In 1964 a writer for American Fabrics said, "Throughout the industrialized world denim has become a symbol of the young, active, informal, American way of life. It is equally symbolic of America's achievements in mass production, for denim of uniform quality and superior performance is turned out by the mile in some of America's biggest and most modern mills. Moreover, what was once a fabric only for work clothes, has now also become an important fabric for play clothes, for sportswear of all types." By the next decade, the trade papers made comments such as: "Jeans are more than a make. They are an established attitude about clothes and lifestyle."

This attitude could be seen very clearly in the "decorated denim" craze in the 1970s, which included beaded, embroidered, painted and sequined jeans appearing on streets from California to New York and abroad. Personalizing one's jeans was such a huge trend in the United States that Levi Strauss & Co. sponsored a "Denim Art Contest" in 1973, inviting customers to send in pictures of their decorated denim. The company received 2,000 entries from 49 of the United States, as well as from Canada and the Bahamas.
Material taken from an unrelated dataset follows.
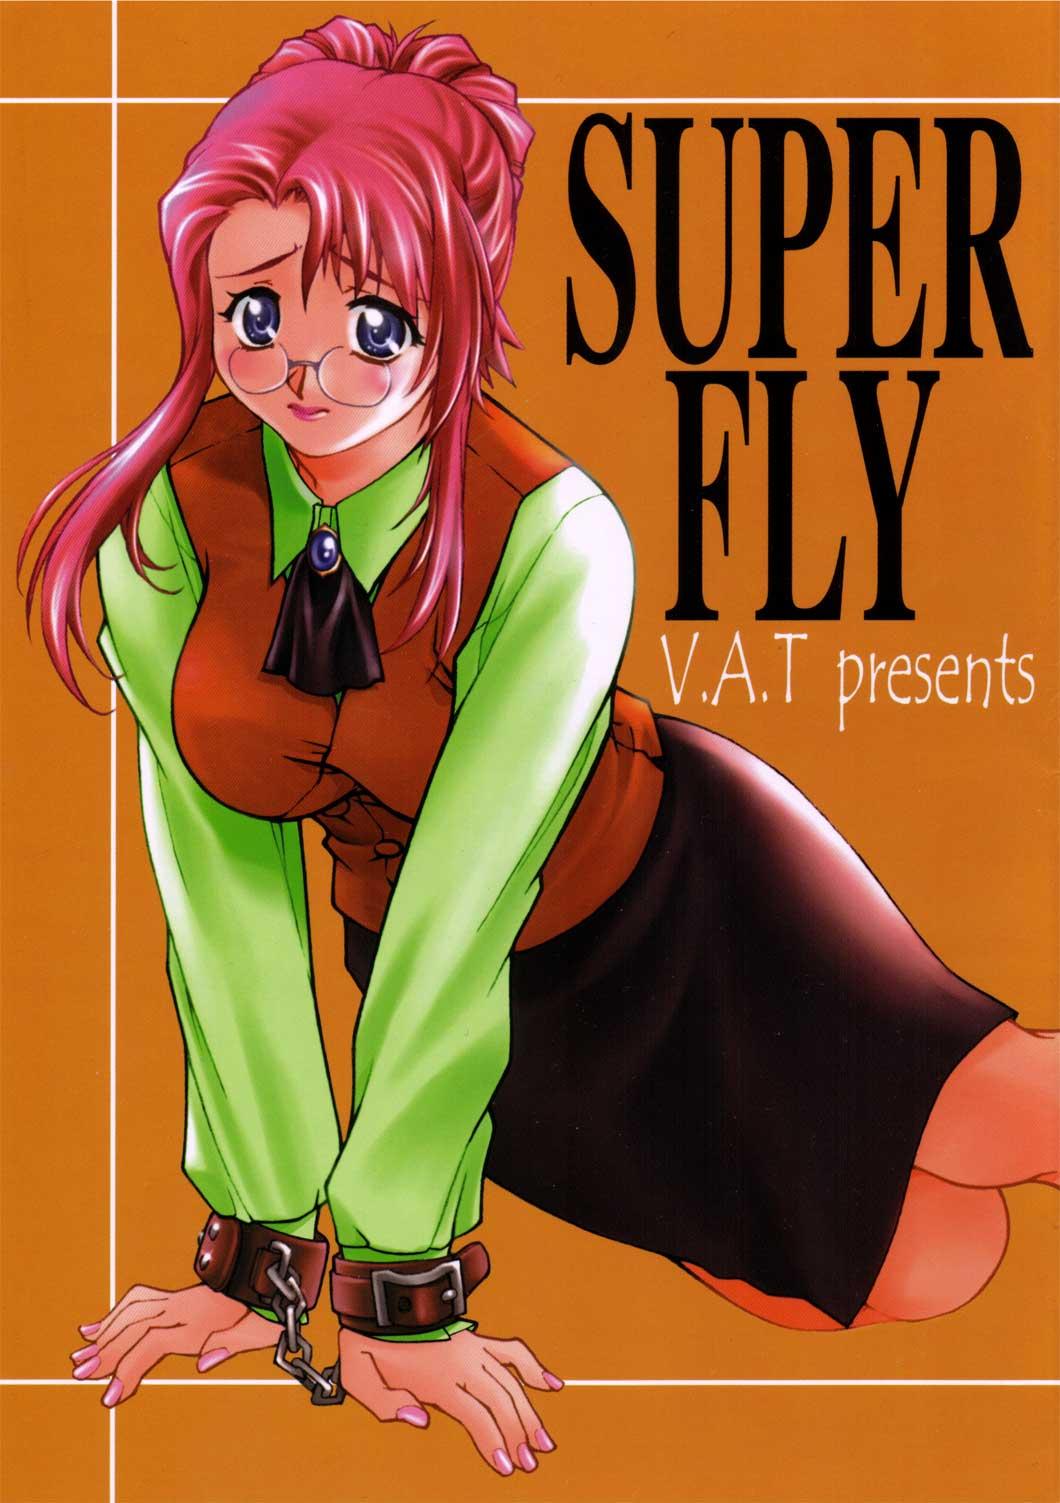 SUPER FLY 0

The winning garments were sent on an 18-month tour of American museums and some of them were purchased by Levi Strauss & Co. for the company archives.

Denim Meets the 21st Century







American Fabrics magazine predicted back in 1969 that denim would become a fashion statement for many occasions when it said, "What has happened to denim in the last decade is really a capsule of what happened to America. It has climbed the ladder of taste."



Born in Europe, denim's function and adaptable form found a perfect home in untamed 19th century America with the invention of jeans.

Denim gives us a little bit of history every time we put it on.